6-8 The Lieutenant Governor in Council may make regulations:
(a) defining, enlarging or restricting the meaning of any word or expression used in this Act but not defined in this Act;
(b) exempting any person or class of persons from this Act or any provisions of this Act;
(c) prescribing offences for the purposes of subsection 3-2(1);
(d) prescribing persons or classes of persons for the purposes of subsection3-3(2);
(e) prescribing the form of an order for the purposes of section 3-18;
(f) for the purposes of section 4-1:
(i) prescribing any law as a specified law; and
(ii) exempting any law as a specified law;
(g) excluding any person or class of person from the definition of a seizure agent for the purposes of subsection 4-1(2);
(h) for the purposes of Part 4:
(i) respecting the issuing, renewing, amending, suspending and cancelling of licences;
(ii) respecting information to be provided to the minister by a licensee or an applicant for a licence;
(iii) requiring the payment of fees for the issuance or renewal of licences and prescribing amounts and terms of payment;
(iv) prescribing a code of ethical conduct for persons licensed pursuant to that Part;
(v) prescribing any additional standards, qualifications and training required to obtain a licence;
(vi) respecting the keeping of records and data, including the protection of privacy;
(vii) prescribing any new terms and conditions of a licence;
(i) prescribing additional factors for the purposes of subsection 5-6(1);
(j) prescribing requirements for the forensic and ballistic testing of the firearm for the purposes of subsection 5-9(3);
(k) prescribing requirements for an approved testing facility for the purposes of section 5-12;
(l) prescribing any matter or thing required or authorized by this Act to be prescribed in the regulations;
(m) respecting any other matter or thing that the Lieutenant Governor in Council considers necessary to carry out the intent of this Act.

That last part, (m) means that virtually anything else can be changed as well. The importance of this cannot be understated.

This is what it means to be “backdoored”: virtually anything in the Saskatchewan Firearms Act can be changed by the Lieutenant Governor in Council, without democratic debate.

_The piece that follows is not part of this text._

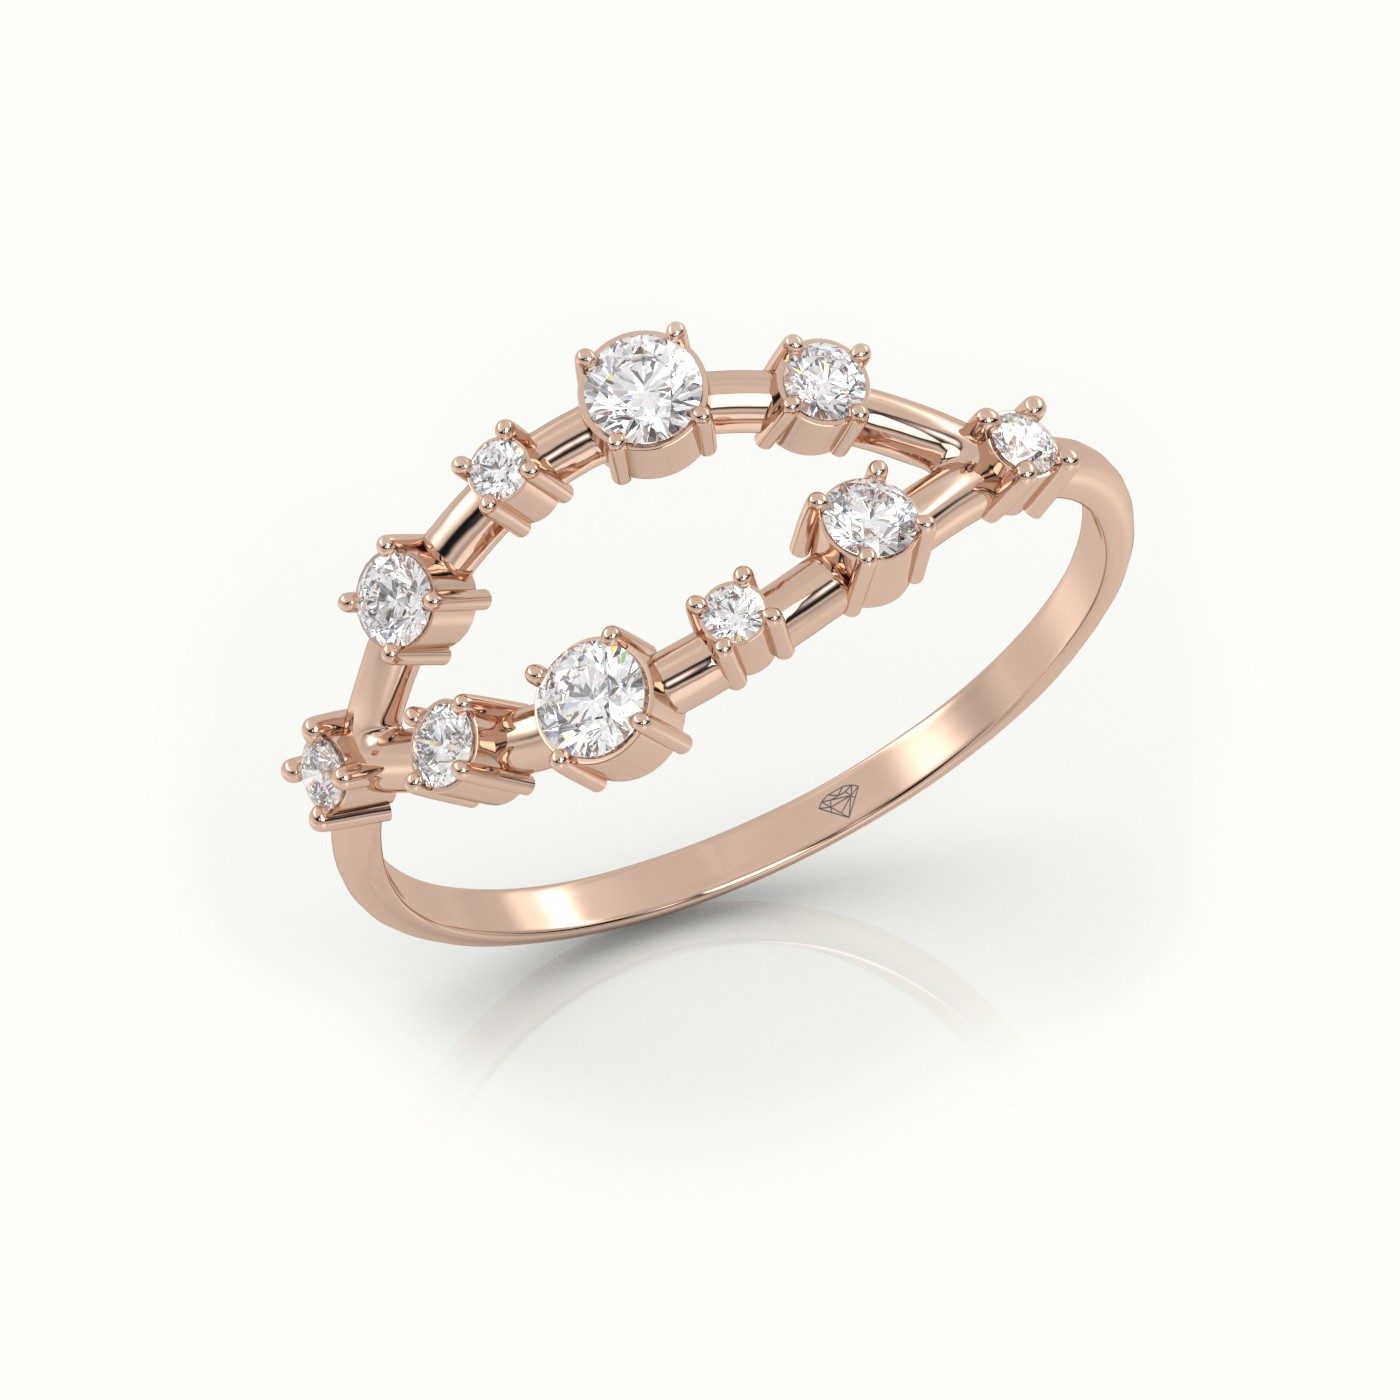 18k rose gold  round cut diamond 4 prongs open setting designer ring Photos & images

This is very similar to Section 117 of the Canada Firearms Act

As per the earlier comment, it’s interesting (or perhaps a coincidence), that it’s Saskatchewan Bill 117. This is because Section 117 of the Federal version is what allows the Governor in Council to make unilateral changes.

Regarding Section 68(h)(vi), and the phrase: “respecting the keeping of records and data, including the protection of privacy”, one can’t help but wonder if this could be the basis of a backdoor gun registry.

If there is something positive in Bill 117, it seems that at least gun owners would need to be paid fair price for their weapons once they’re confiscated.